I find it hard to get started with this exercise. I tried reasoning that, if $\theta_{s} = 0$, then surely $\theta_{ss} = 0$. So we are left with the equation $\lambda \sin( \theta ) = 0$. I could also expand the sine into a Taylor series, but that doesn't seem to be of much help.
According to the solution manual, there should be a supercritical pitchfork when $\lambda_{n} = (n \pi )^{2} $ and $ \theta_{n} = 2 (2 \epsilon)^{1/2} \cos(n \pi x) / n \pi $.
I don't have the faintest idea how they arrived at this solution. Do you know how I should approach this problem?
Well this is how no less than Leonhard Euler himself solved the same physical problem.
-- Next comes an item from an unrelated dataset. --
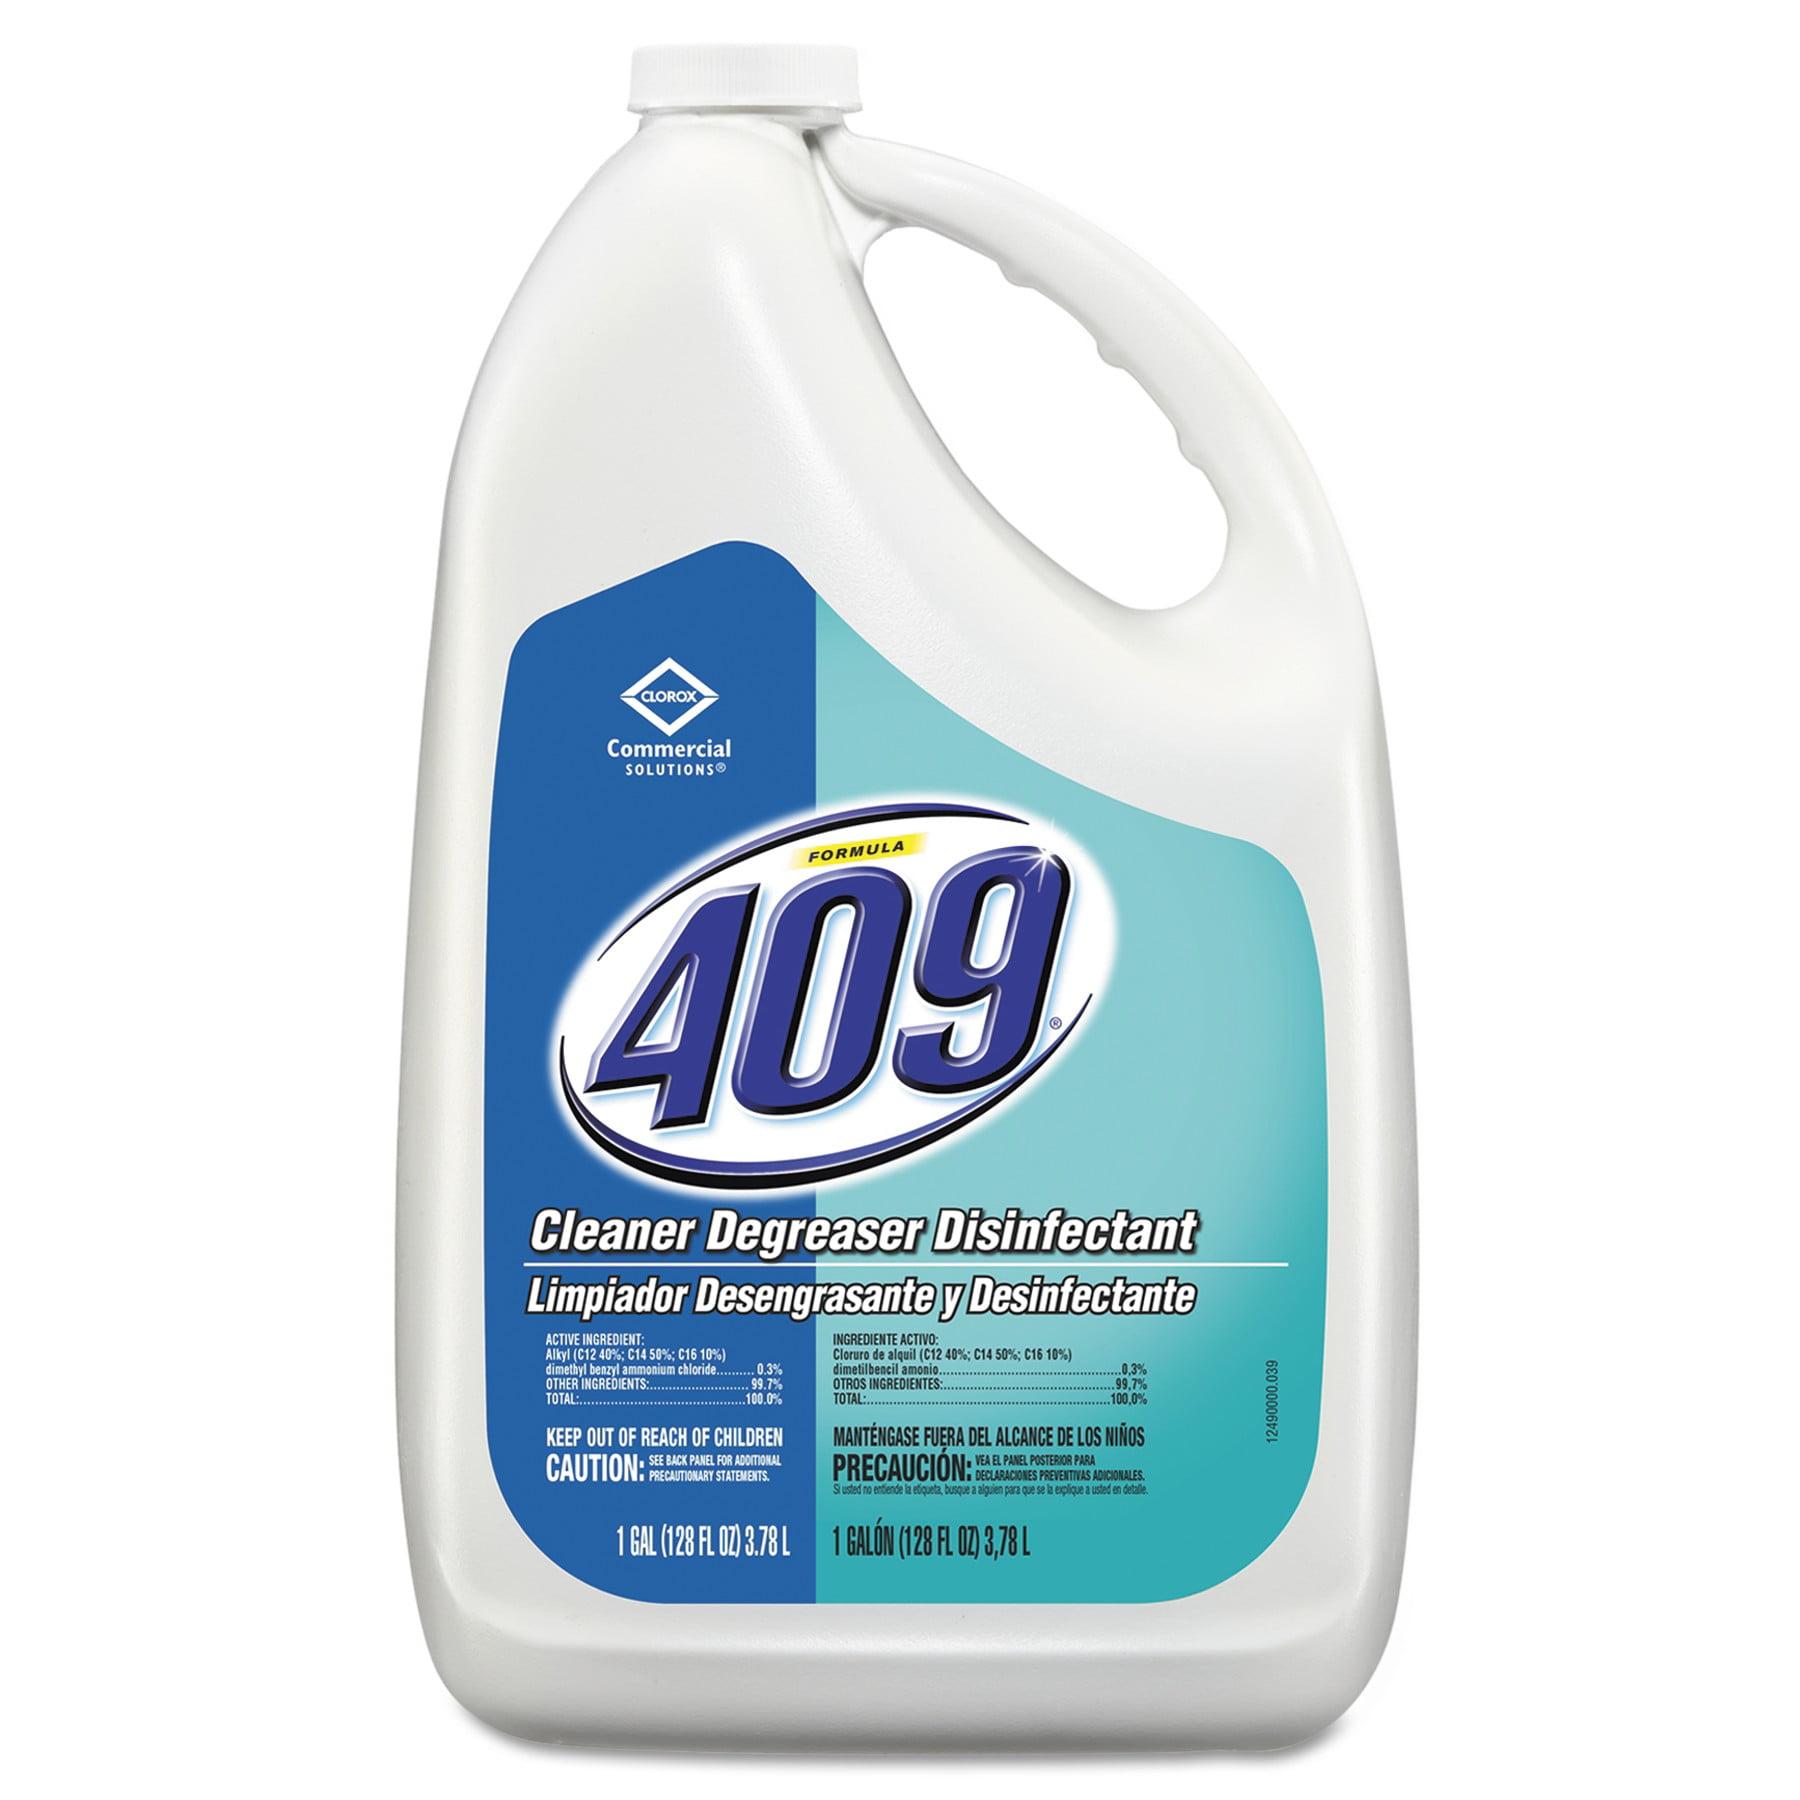 Formula 409 Cleaner Degreaser Disinfectant, Refill, 128 oz - Walmart.com

For sufficiently small deviations from the trivial equilibrium $\theta = 0$ the sine function can be approximated by the linear term of ist Taylor expansion $sin (x) \sim x$, yielding the ODE $$ \theta´´ + \lambda \theta = 0$$ The general solution is $$ \theta =A cos(\sqrt\lambda x) + Bsin(\sqrt\lambda x) $$ where the constants of integration $A$ and $B$ are determined via the boundary conditions $$ \theta´(0) = 0 $$ implies $B=0$. The second condition translates into $$-A sin (\sqrt \lambda ) \lambda = 0$$ There are two ways to satisfy the latter, either $A=0$, which yields the trivial equilibrium configuration, or $$ \sqrt \lambda = n\pi $$ for $n= 1, 2, 3, ...$, which coincides with the expression for the critical $\lambda$ you gave.